I was beginning to realize how big an emotional toll gambling was taking on my mental health: the dream was one of the ways that my mind was trying to put itself back in charge of the flurry of anxiety, excitement, and fear that meme stocks generated. There were other signs: my devouring of financial news, my sullen mood when a trade had me lose money, my scouring forums for ideas, and constant chatting about it with others.

It was then that I decided to wind down and get out of meme stocks. I’d had a losing position in AMC for some months when the stock skyrocketed again in June.
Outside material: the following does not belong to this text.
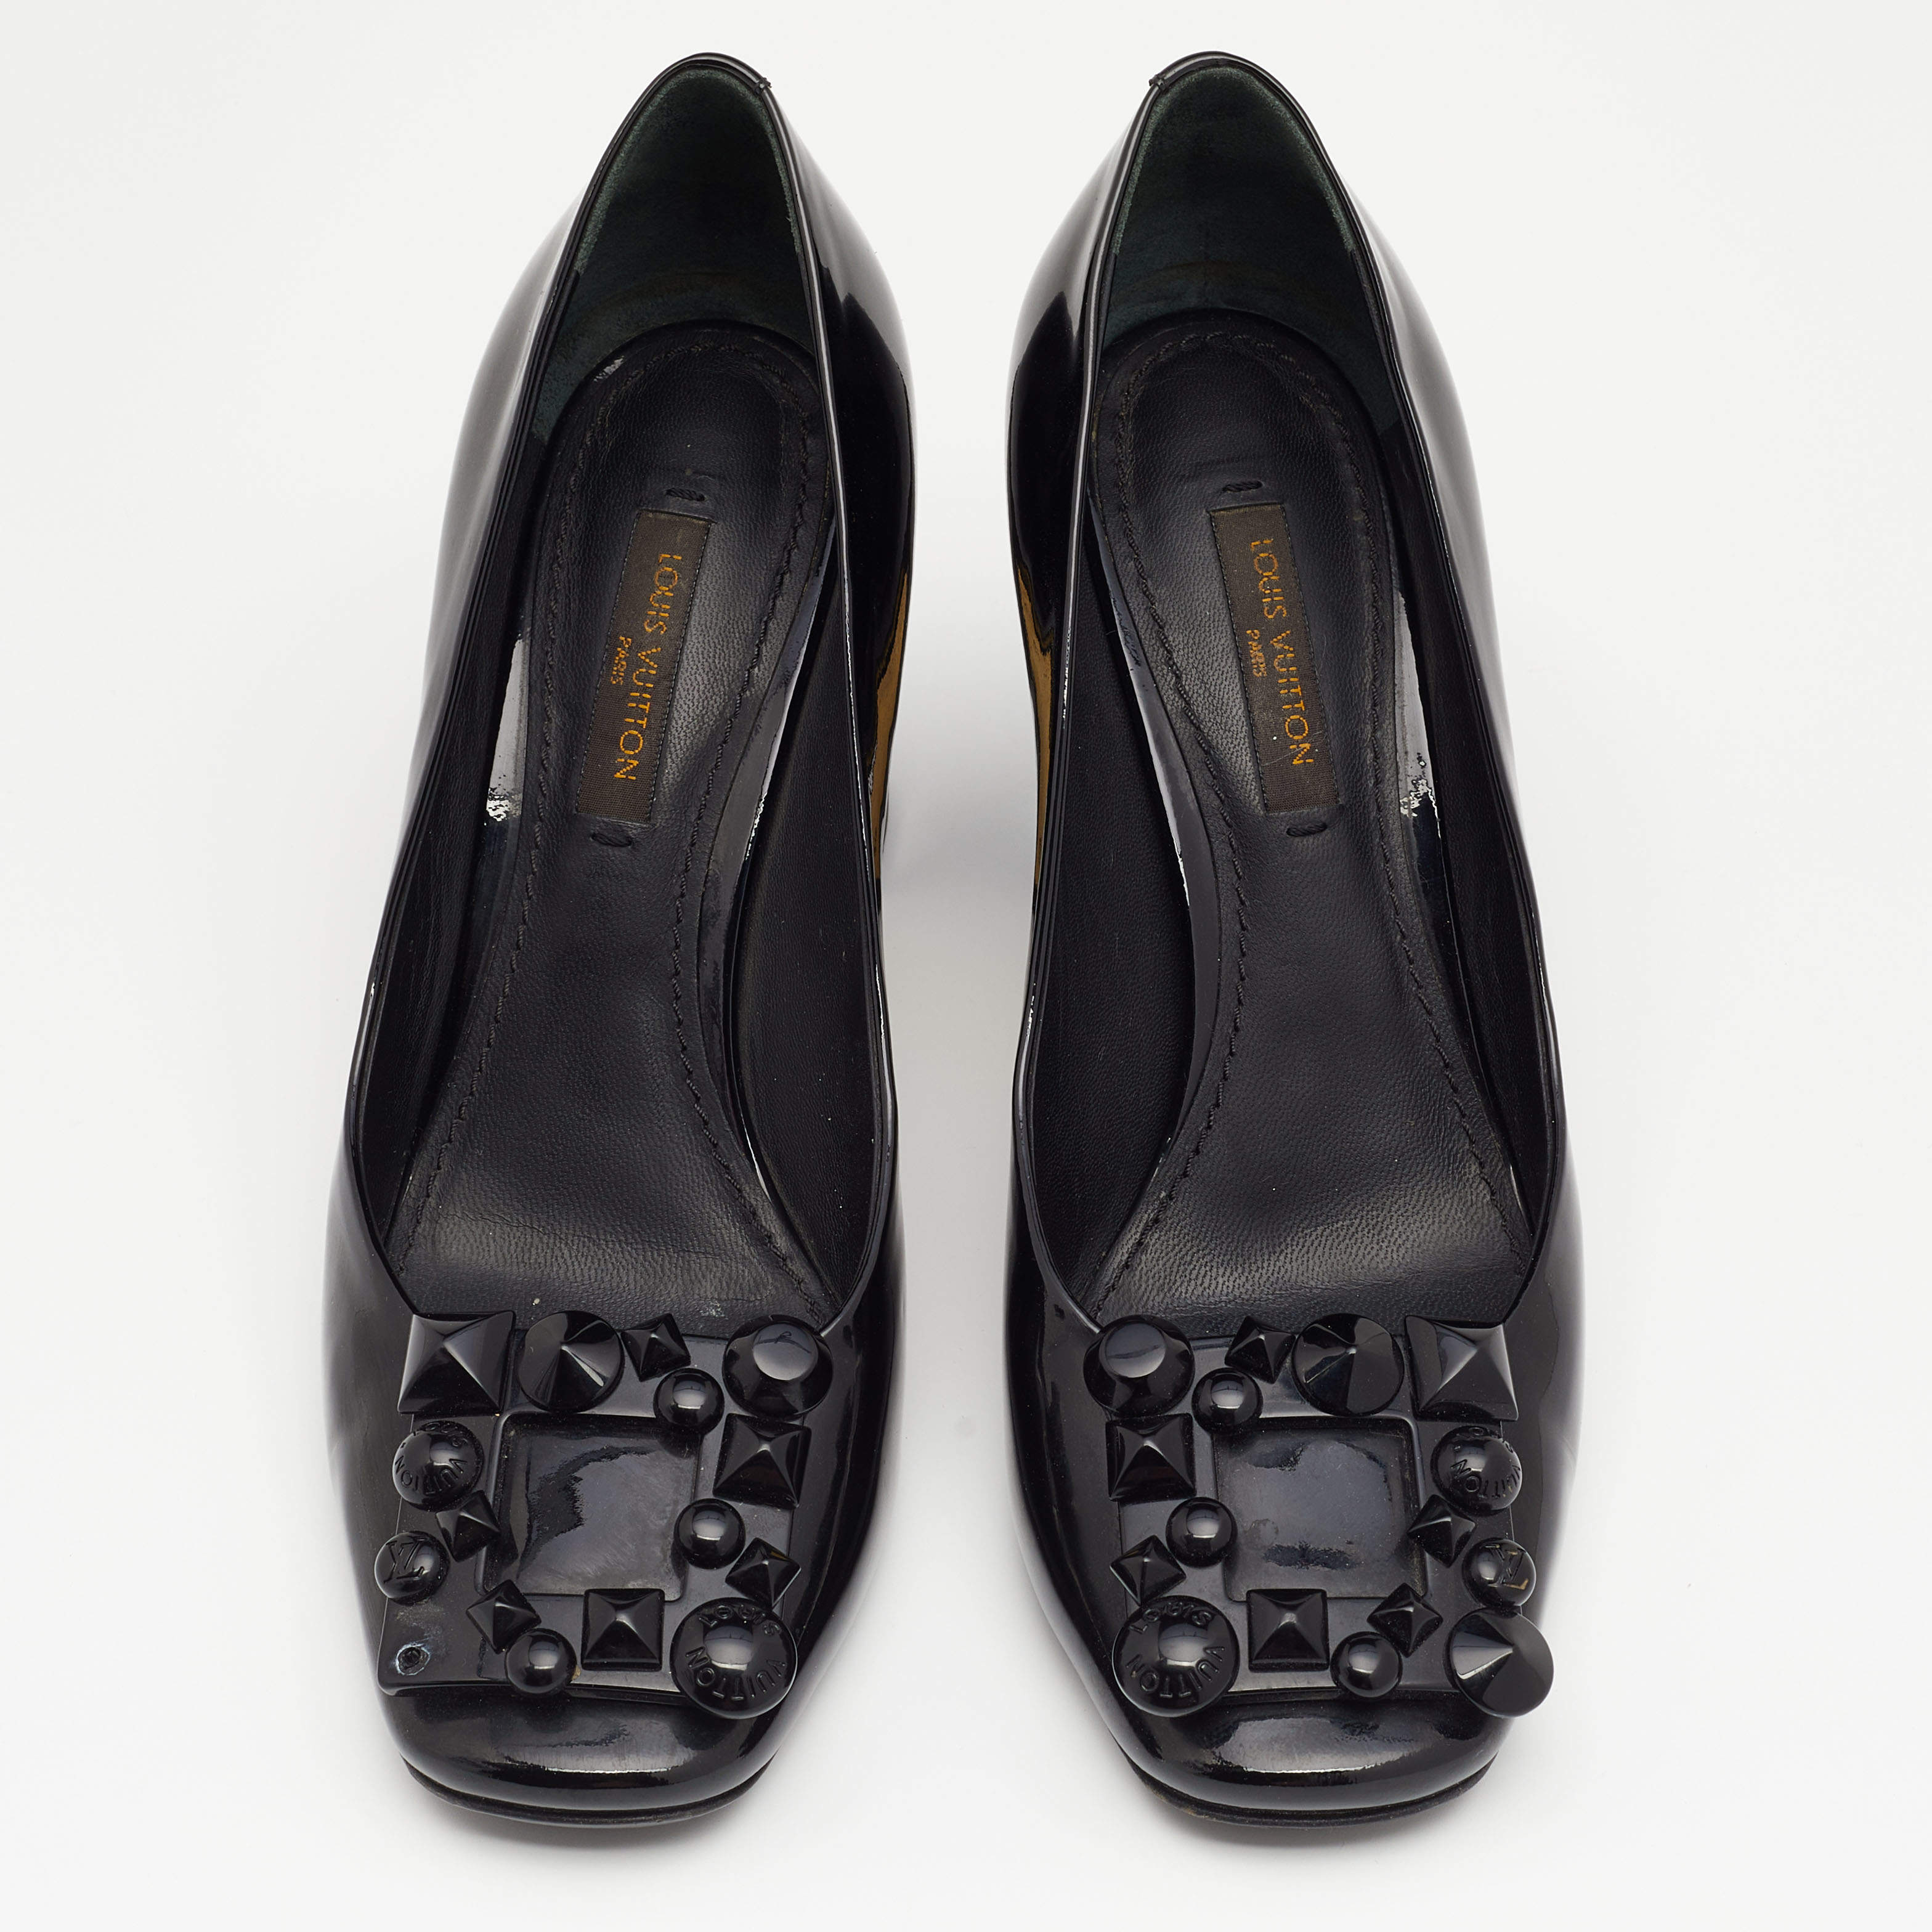 Louis Vuitton Pumps - Authentic Womens Black Patent Leather/Classy-Size  36EU/6US

I closed it as soon as it allowed me to break even — later I discovered that I had unwittingly renounced hefty gains doing so.

Through trading stocks, I learned about myself and other young people, and experientially, I’m glad to have gone through it

I am still recovering, and still have a few dollars invested in some stocks and funds. But I’ve come to terms with what drew me into the memes — the injustice, the community — and all the ways it was damaging me: anxiety, constant distraction, a collapse in productivity in my real profession.

Over time, I’ve also tried to think of the less obvious opposite side: had trading meme stocks given me something? For sure, I had picked up a few lessons about basic finance and impulsivity. I learned about myself and other young people, and experientially, I’m glad to have gone through it.

The other obvious thing meme stocks have left me is money. I made a few hundred dollars at the tap of a button with GameStop and AMC, and I’m glad to have exited meme stocks with some gains.

If you don’t count BlackBerry, that is. I bought that one on a high, it plummeted shortly after, and I still own some shares. I’m down 40%.